Welcome to this blog, the story of a great big Australian adventure. It documents my travels, life in Australia, and a subject close to my heart – environmental conservation. 

Wave-watching in paradise

Wave-watching in paradise

Last week I returned to Byron again. 

We were lucky. We managed to get a cancellation so we could stay overnight Saturday. Normally, you have to book weeks in advance to get a room or apartment of choice. One thing that seems incompatible with Byron's image and raison d'être is the fact that rarely can you visit spontaneously, deciding on a Thursday that you fancy the weekend in your favourite place, and be able to find somewhere to stay.
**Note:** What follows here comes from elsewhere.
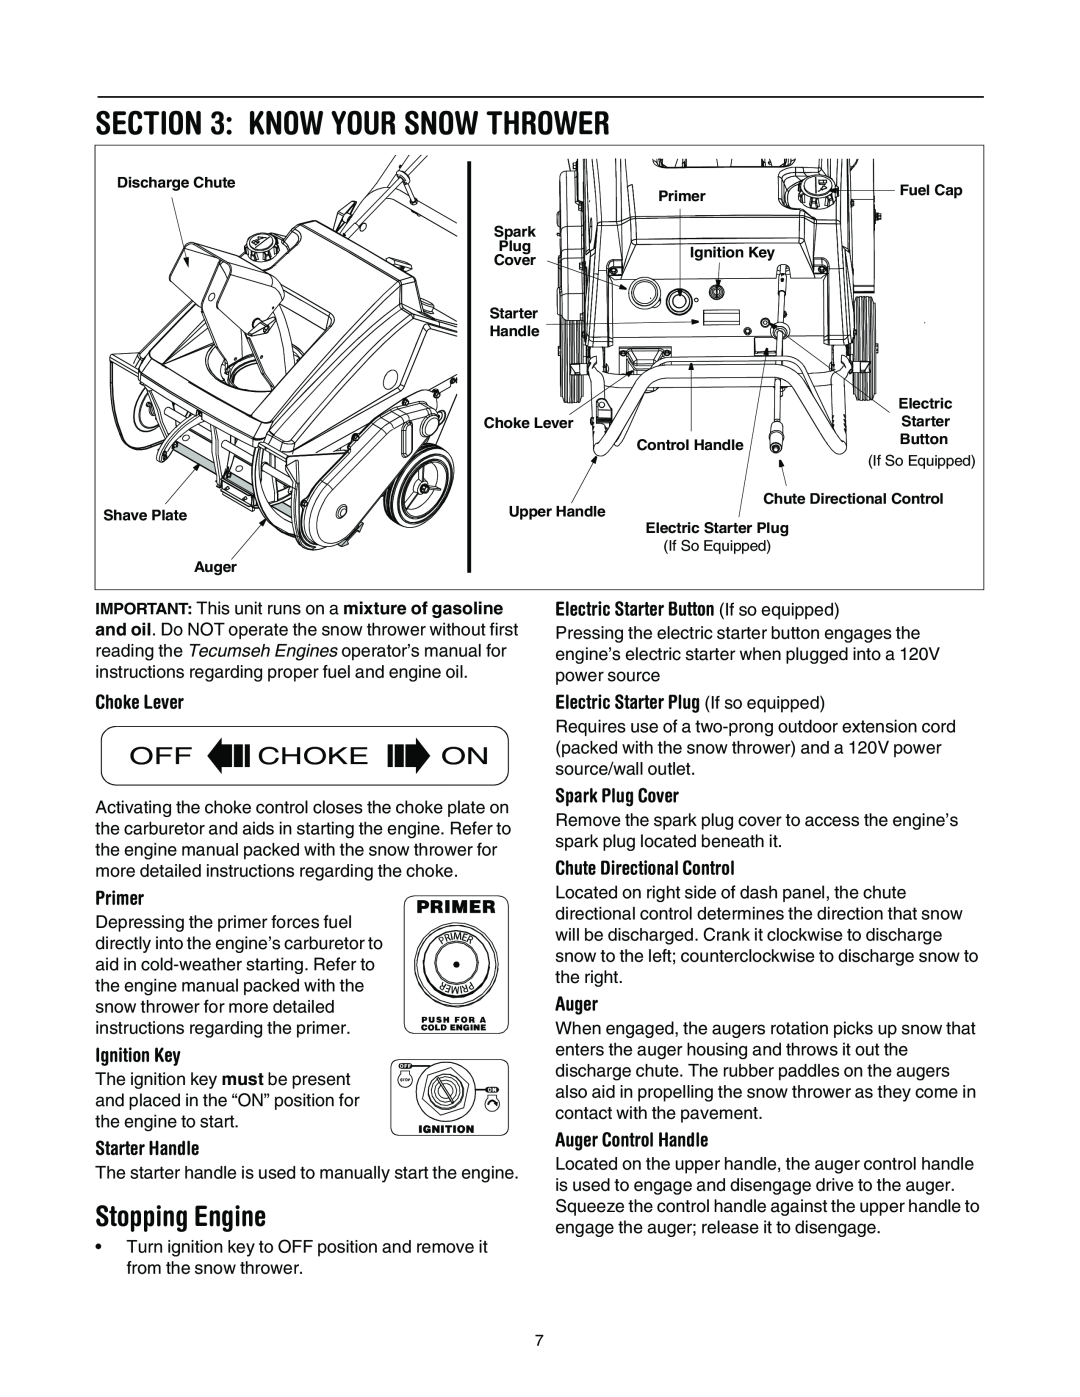 MTD E172, E162, E150, 140 manual Know Your Snow Thrower, Stopping Engine, Off Choke On 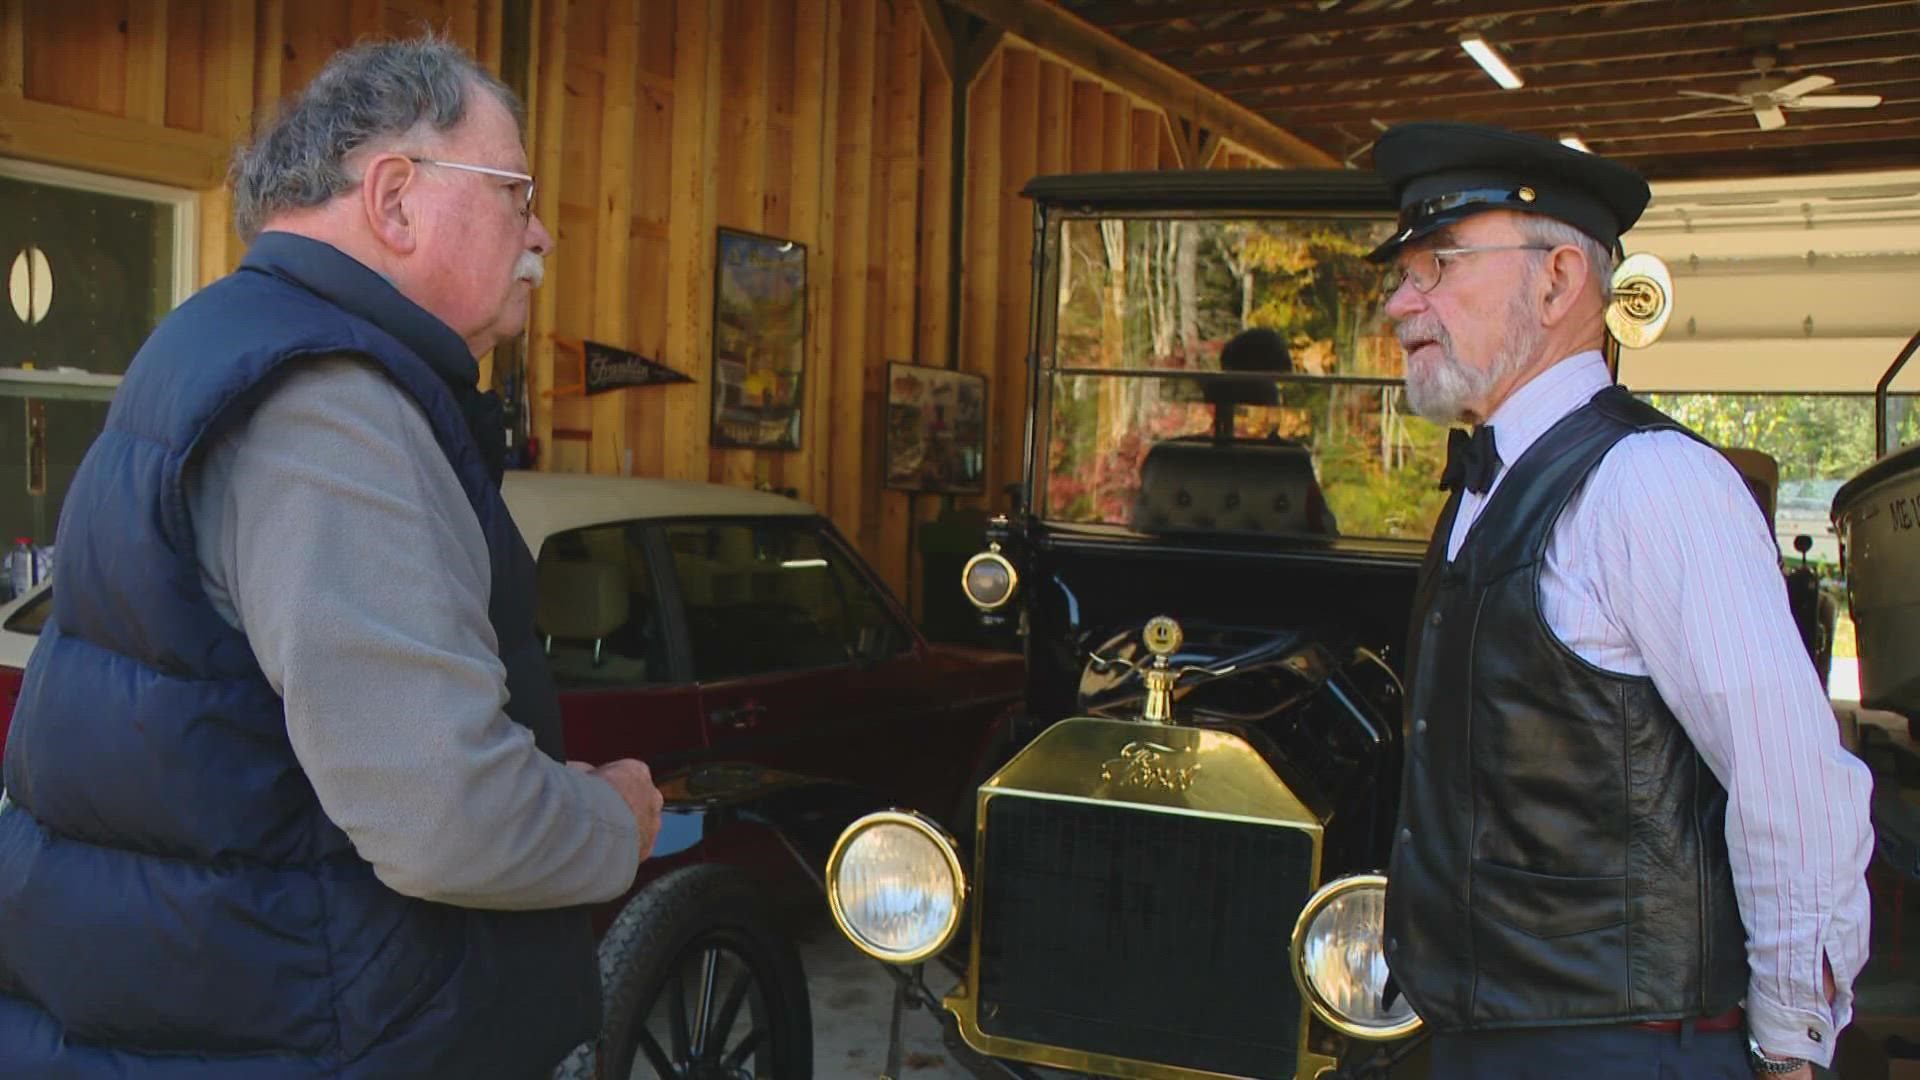 A Maine man has seven Model T’s in this collection, including one of the last ones to ever come off the production line.

We decided to drive 'over the top' into New South Wales, via the delightful Numinbah Valley and the Springbrook escarpment. Leave the Pacific Highway at Nerang and take the Nerang-Murwillumbah Road. We turned off left soon after to look at the Hinze Dam. (There was no sign of a dam but there was a tree-lined lake!) Leaving Murwillumbah, follow the Tweed Valley Way to rejoin the Highway for the last 20-odd kilometres to Byron. 

It's a longer, fiddlier way, but prettier, and there was hardly a thing on the road. There must have been a bikie convention somewhere though because there was a disproportionate number of unmuffled bikers in convoy on our route. Maybe they just enjoy the twisty-turny climbs and descents. It was a beautiful morning but there was a lot of evidence of the recent heavy rains and flooding (above). We stopped for a coffee just before Natural Bridge and were told there'd been so much rain ducks had drowned. The greens were glorious.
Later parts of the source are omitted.